Tuesday, July 26, 2016

The Erie Canal Earworm


Niagara Falls
I’ve gotta mule, her name is Sal, 15 years on the Erie Canal…  

Remember this song from elementary school?  I had forgotten all about it until about three months ago when we got the idea to include the Erie Canal in our itinerary.  Now seeing parts of the canal in person and reading many of the historical signs, this song just won’t go away.  (The rest of the lyrics are at the end of this post—read at your own risk.)
The original route.  The Hudson flows from
Albany to the Coast

The 360-mile canal route runs from Albany to Buffalo, as the song says.  It was and still is an engineering marvel.  First started in 1817 and completed in 1825—ahead of schedule and under budget.   Since then, extensions of it connect many other areas and regions.  A major widening project was completed 100 years later in 1925.
Old canal near Syracuse


The old (L) & new (R) at
Lockport, NY
A "new"  (1925) section on the
Mohawk River
at St. Johnsville

An old section near Syracuse

It was a huge economic engine that made New York the Empire State, opening up the Great Lakes region and bringing unimaginable wealth to Buffalo and other towns along the way.  Coal, wheat, lumber, people, steel, ore, and later autos were transported on it all the way to the Hudson and New York City.  By 1845 there were 4,000 boats on the canal, operated by 25,000 men, women, and children, plus about 2-4 mules or horses per boat.
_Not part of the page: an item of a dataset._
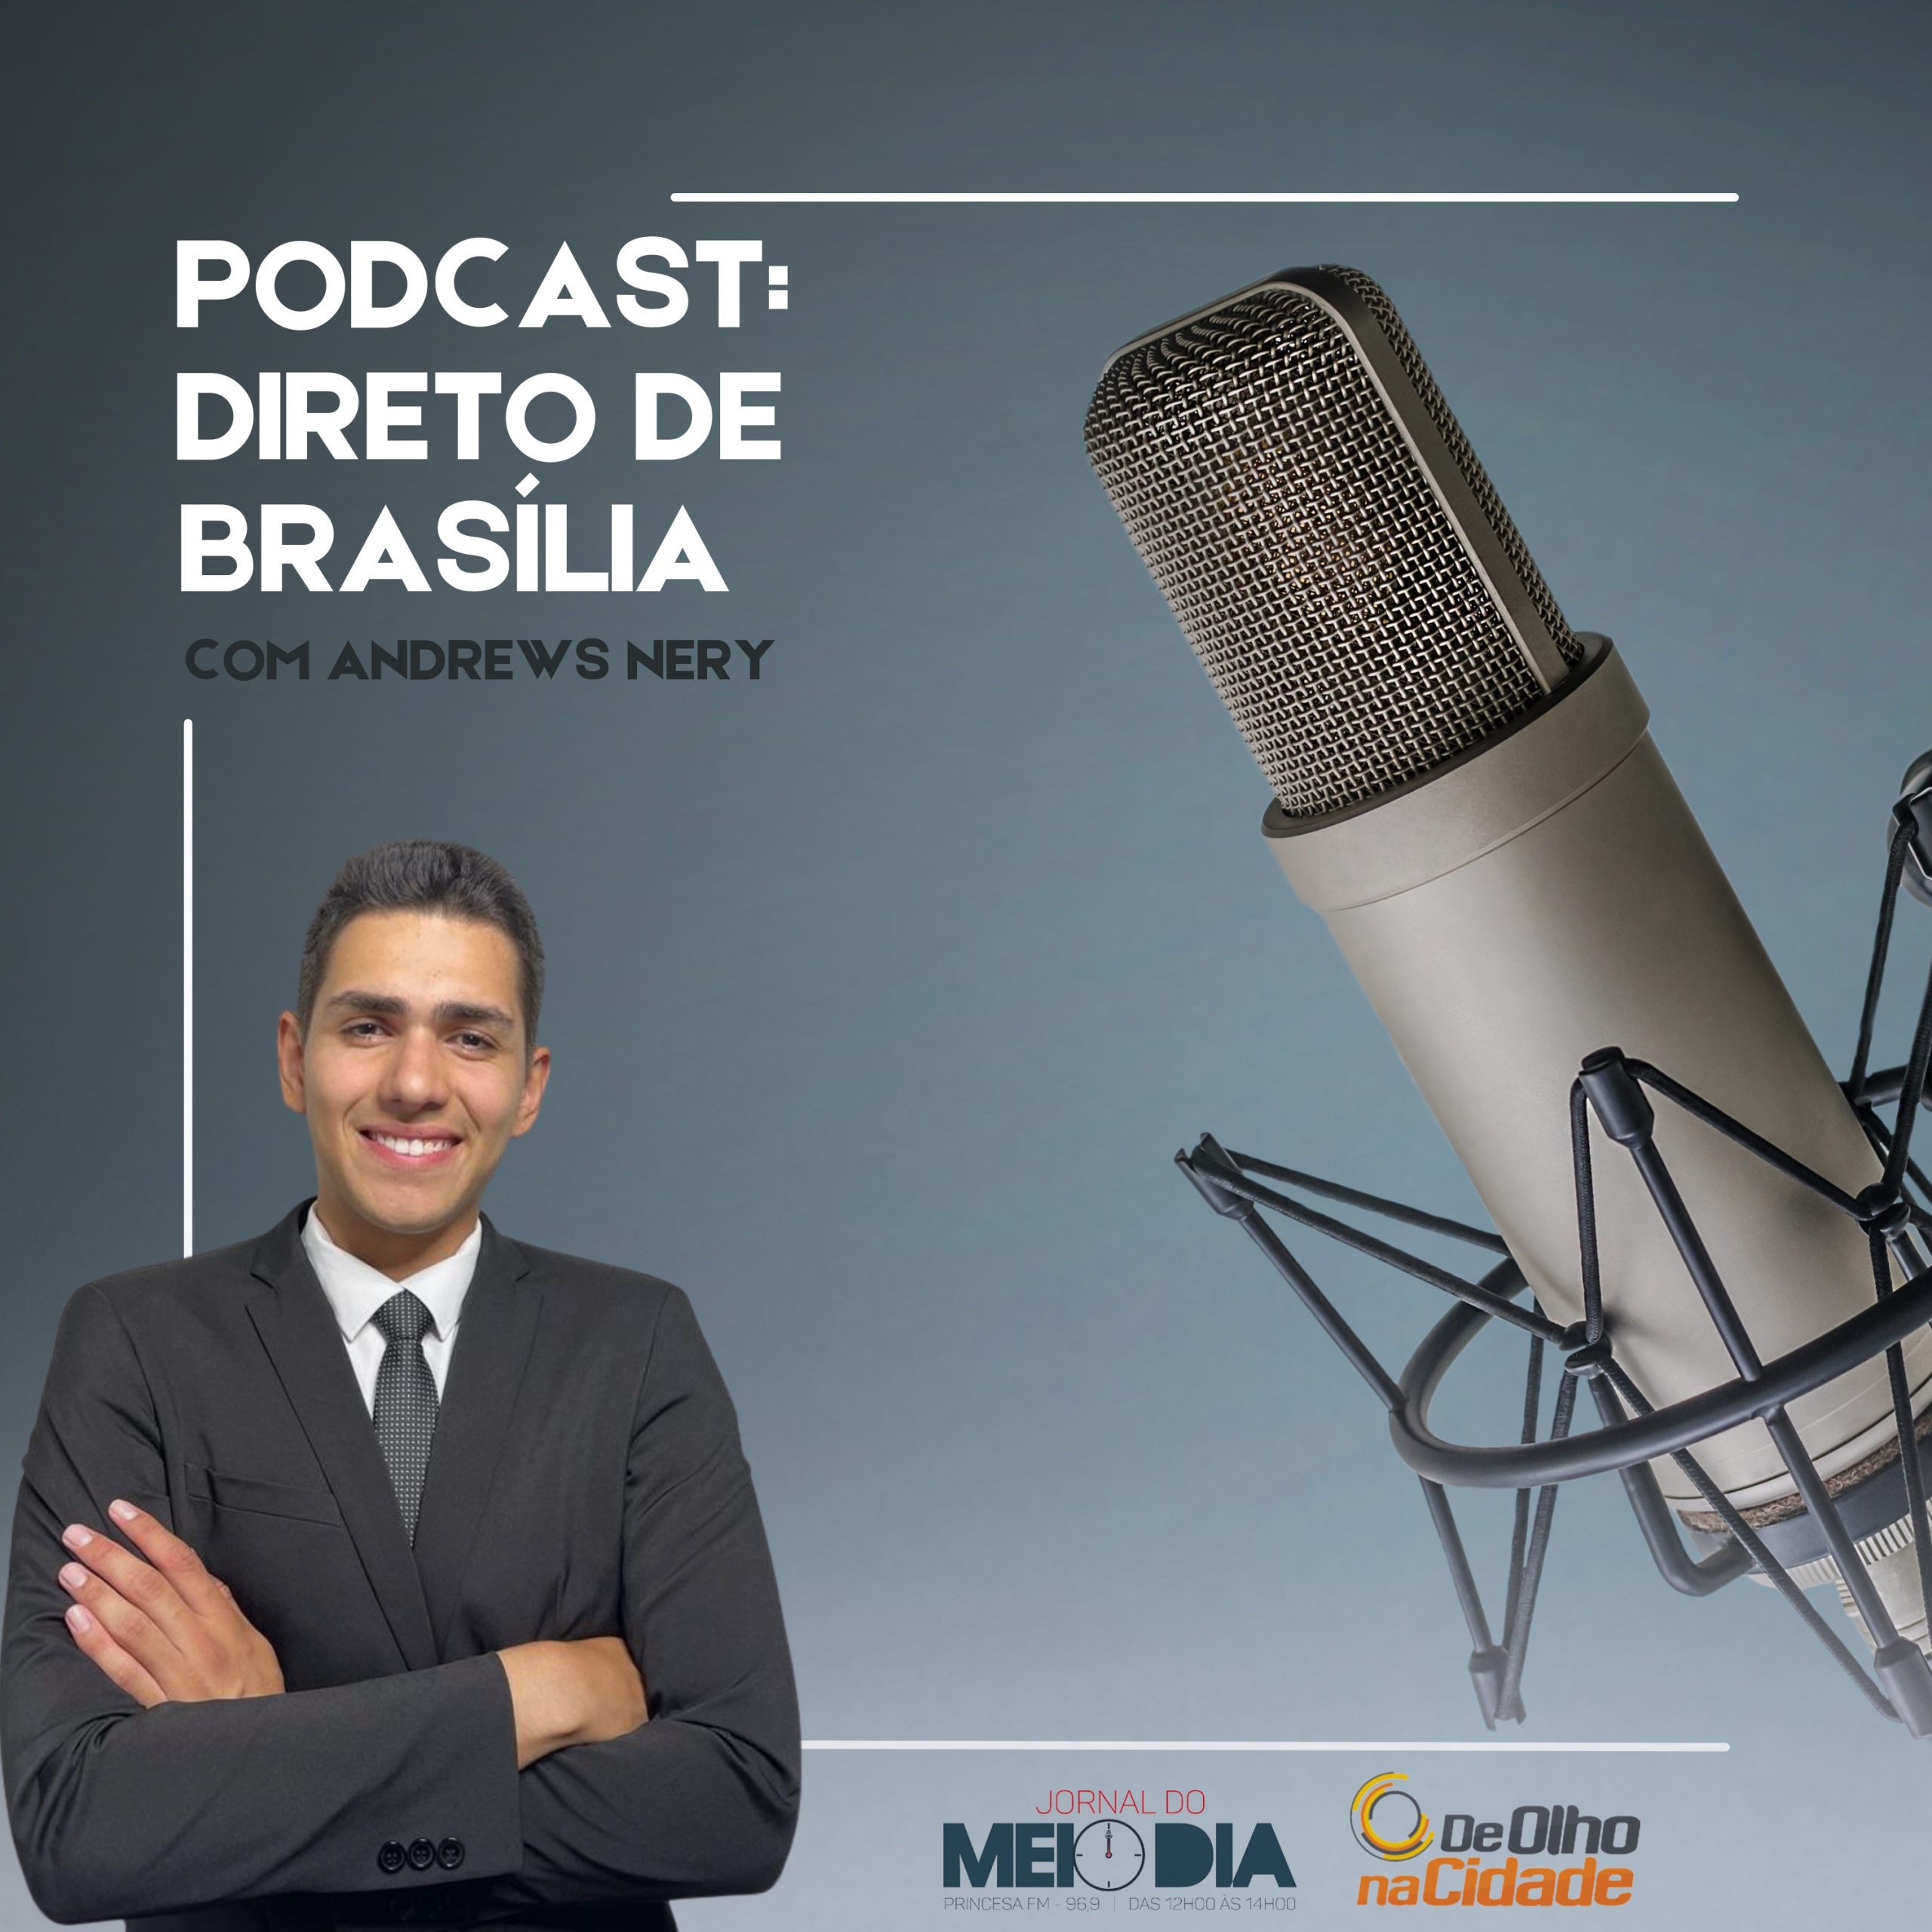 Podcast: Direto de Brasília com Andrews Nery (21/03)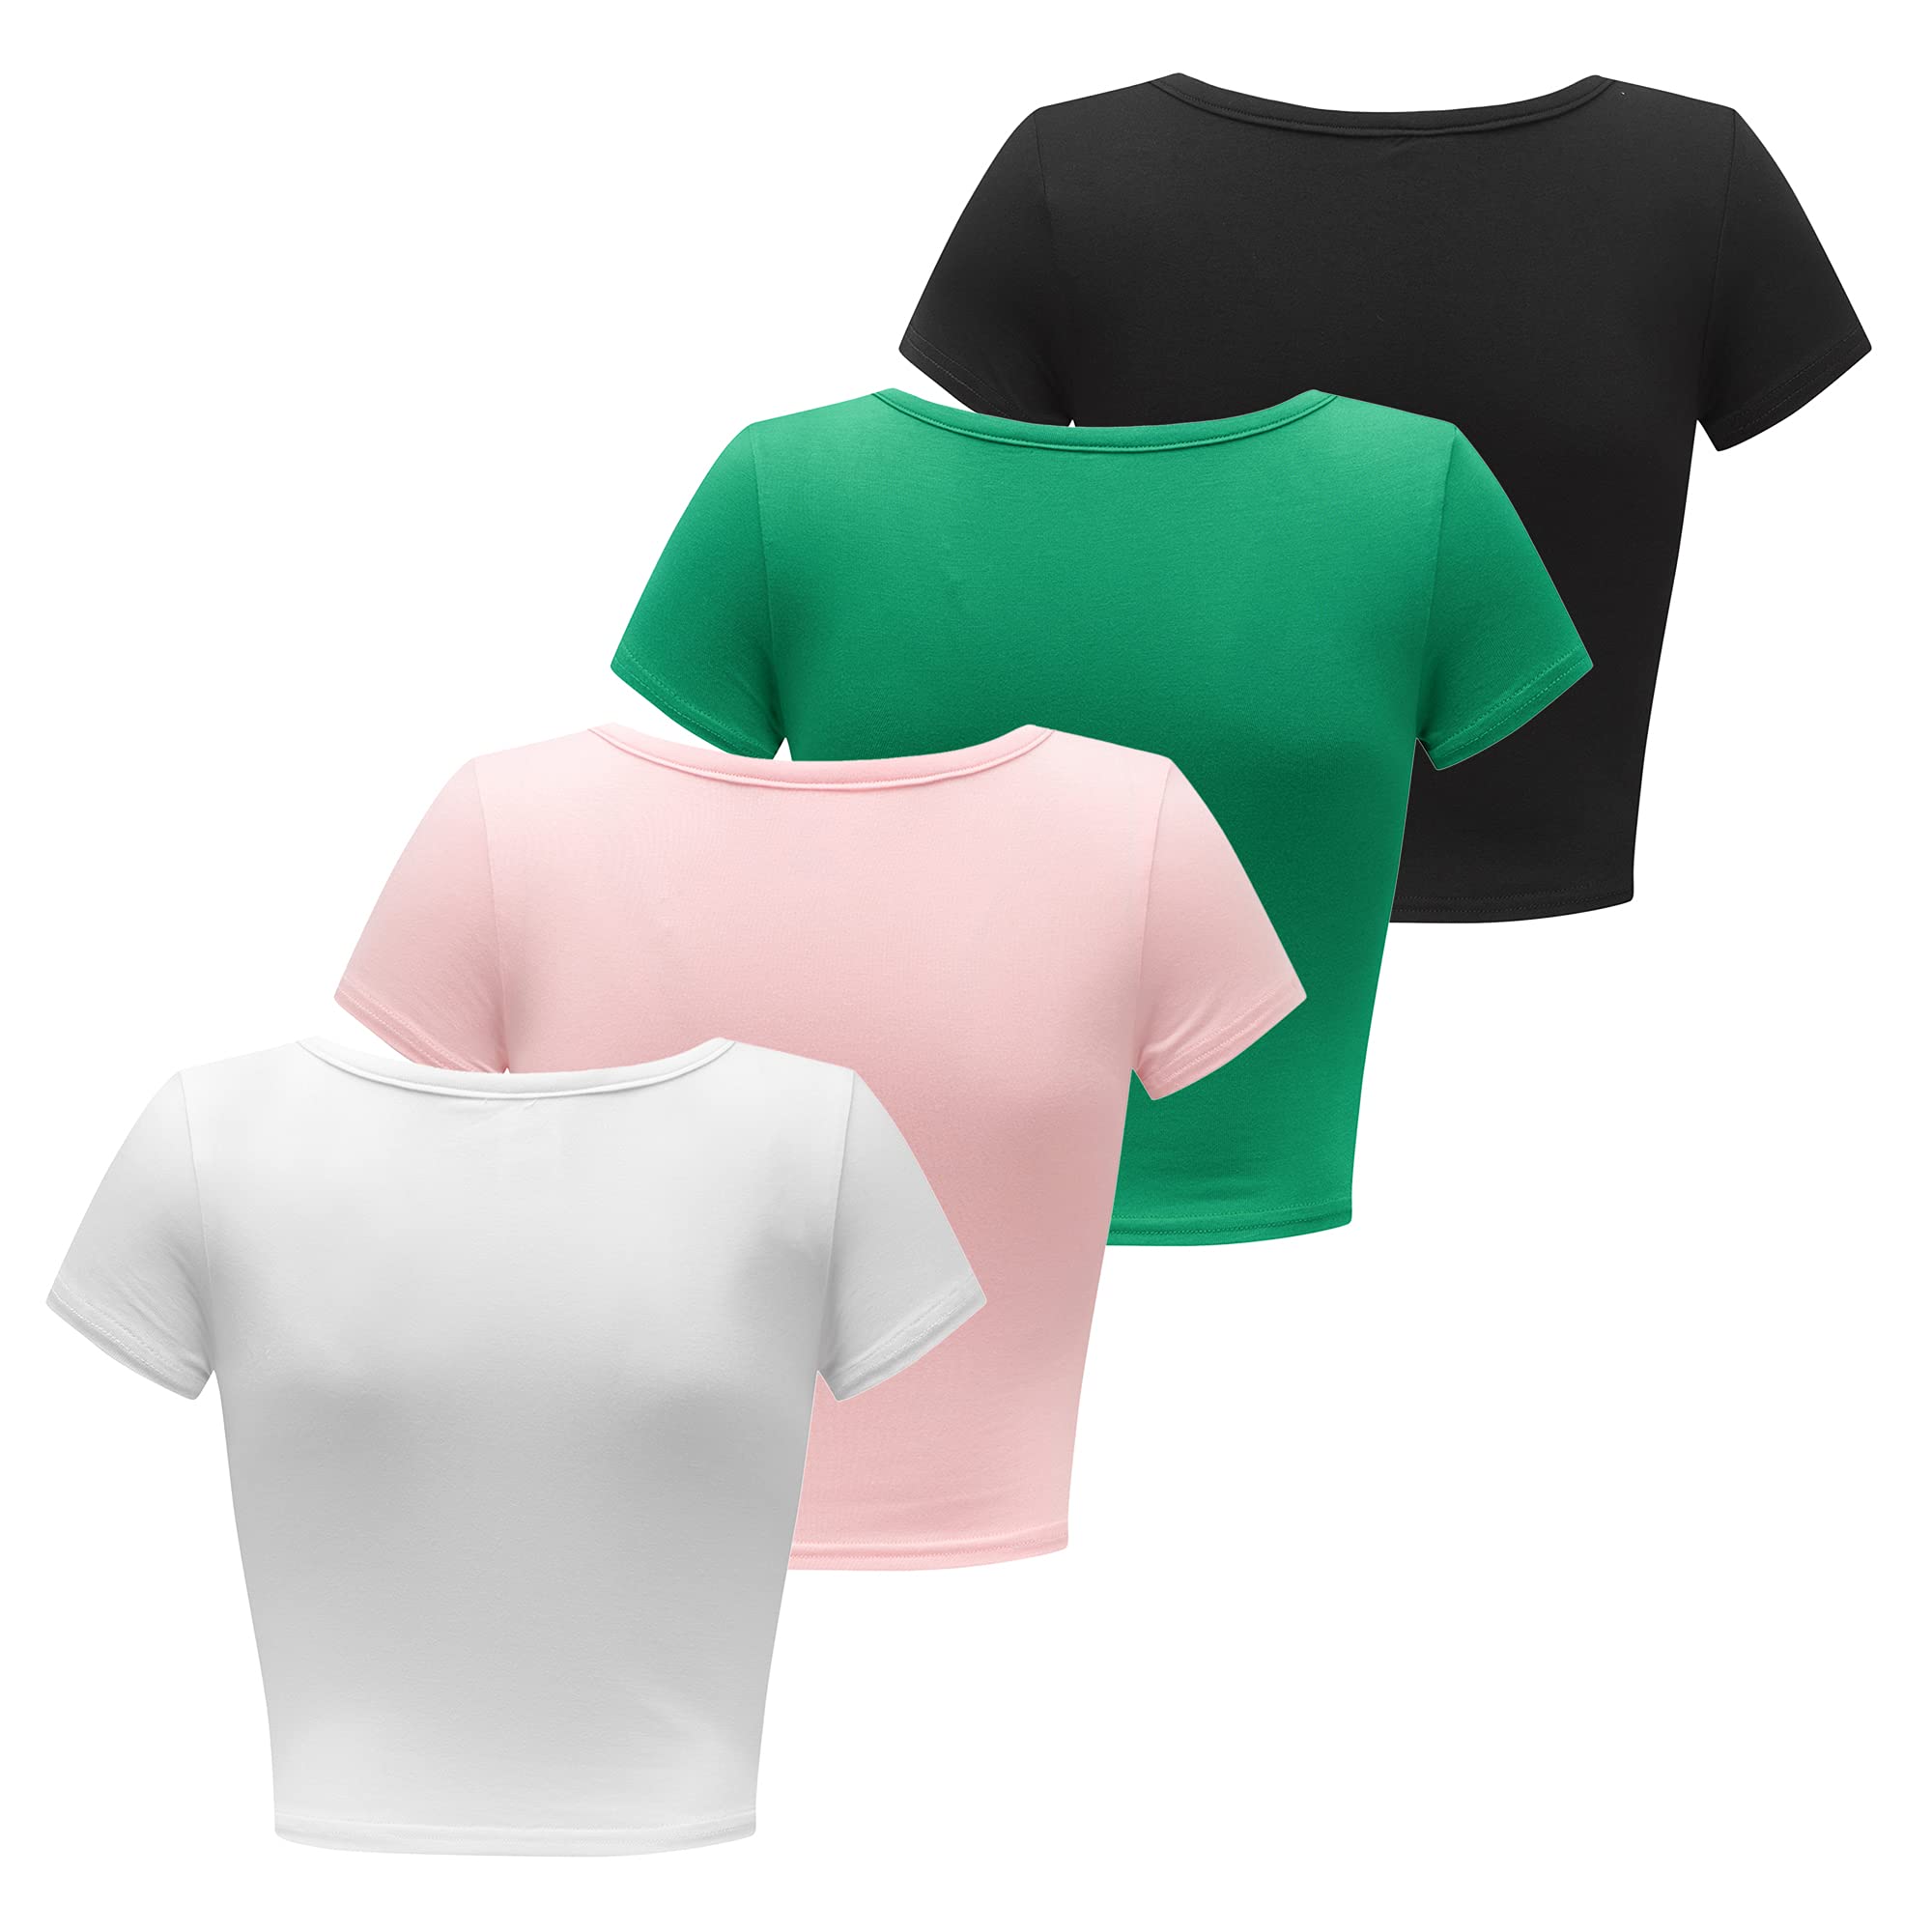 Formeet17 Women’s 4 Pieces Basic Crop Tops Scoop Neck Cap Sleeve Shirts

Footings for an aqueduct above river tributaries 

About 18 months ago we read Peter Zellen’s The Accidental Superpower, who argued that one of the reasons the US is a superpower and will keep it so is our great proliferation of navigable waterways.  Seeing the canal and reading the many interpretive signs along the way really drives that point home. 

View of canal from our campsite
at St. Johnsville, NY
We only bicycled three small parts of it, both in the old and newer sections.  We also stopped at a couple of significant parts around Little Falls, Lockport, and Buffalo.  The grade was easy, but mostly on crushed stone in 90 degree heat and 90% humidity.  It made us wonder what it would have been to be a little boy or girl leading the mules in bare feet 12 hours per day.
A very old abandoned section.
A major garbage and toxic
waste dump until about 15 years ago.



The Maxwell School, circa 1924
My old dive from 42 years ago.
My roommate & I organized a rent strike
over no heat and too much vermin.
We also visited part of the Syracuse University campus, where I received my MPA in 1974.  Too many new grandiose  buildings have cropped up and crowded the campus since then, making it very unappealing.  Syracuse, with its abandoned 100+ year old factory buildings then and now, is still depressing and an example of poor urban planning and crazy traffic.  I also found my old apartment building, a sole survivor standing alone among vacant lots in a dicey part of town.  It was a dive then, and it still is.  Some things don’t change after 42 years. 
 
Niagara Falls are spectacular, but on the American side the park was crowded, dirty, and highly commercialized.  However, we found the nearby historic town of Lockport on the Erie Canal much more enjoyable. It has both the original narrow 1825 canal and the modern 1925 canal next to each over with locks that covered 60 feet of rapids.  

The lobby at city hall
Buffalo was a very delightful city.  We loved its city hall, waterfront, and neighborhoods with gigantic 100-175 year old mansions.  We toured two Frank Lloyd Wright homes built for Darwin and Isabella Martin, who made their fortune creating a soap and household mail order business at the turn of the century.
Buffalo city hall
The Darwin Harris Home in Buffalo
Today, the 26th marks the one month anniversary of this trip.  It seems like an eternity ago, but also just like yesterday.  We’re now heading home, sort of retracing our steps, but staying at different places along the way.  Once we get through the Midwest and into the wide open spaces of the Rockies, we’ll really believe we’re homeward bound.  We’re antsy to get back, but we’re committed to enjoying every mile until we return.  


The Darwin summer home on Lake Erie


"I've gotta mule, her name is Sal,
15 years on the Erie Canal.
She's a good old worker and a good old pal,
15 years on the Erie Canal.

We've hauled some barges in our day,
Filled with lumber, coal, and hay.
And every inch of the way we know,
From Albany to Buffalo.

Ohh, Ohh...
Low bridge, everybody down,
Low bridge, because we're we're going through a town.
And you'll always know your neighbor,
You'll always know your pal,
If you've ever navigated on the Erie Canal."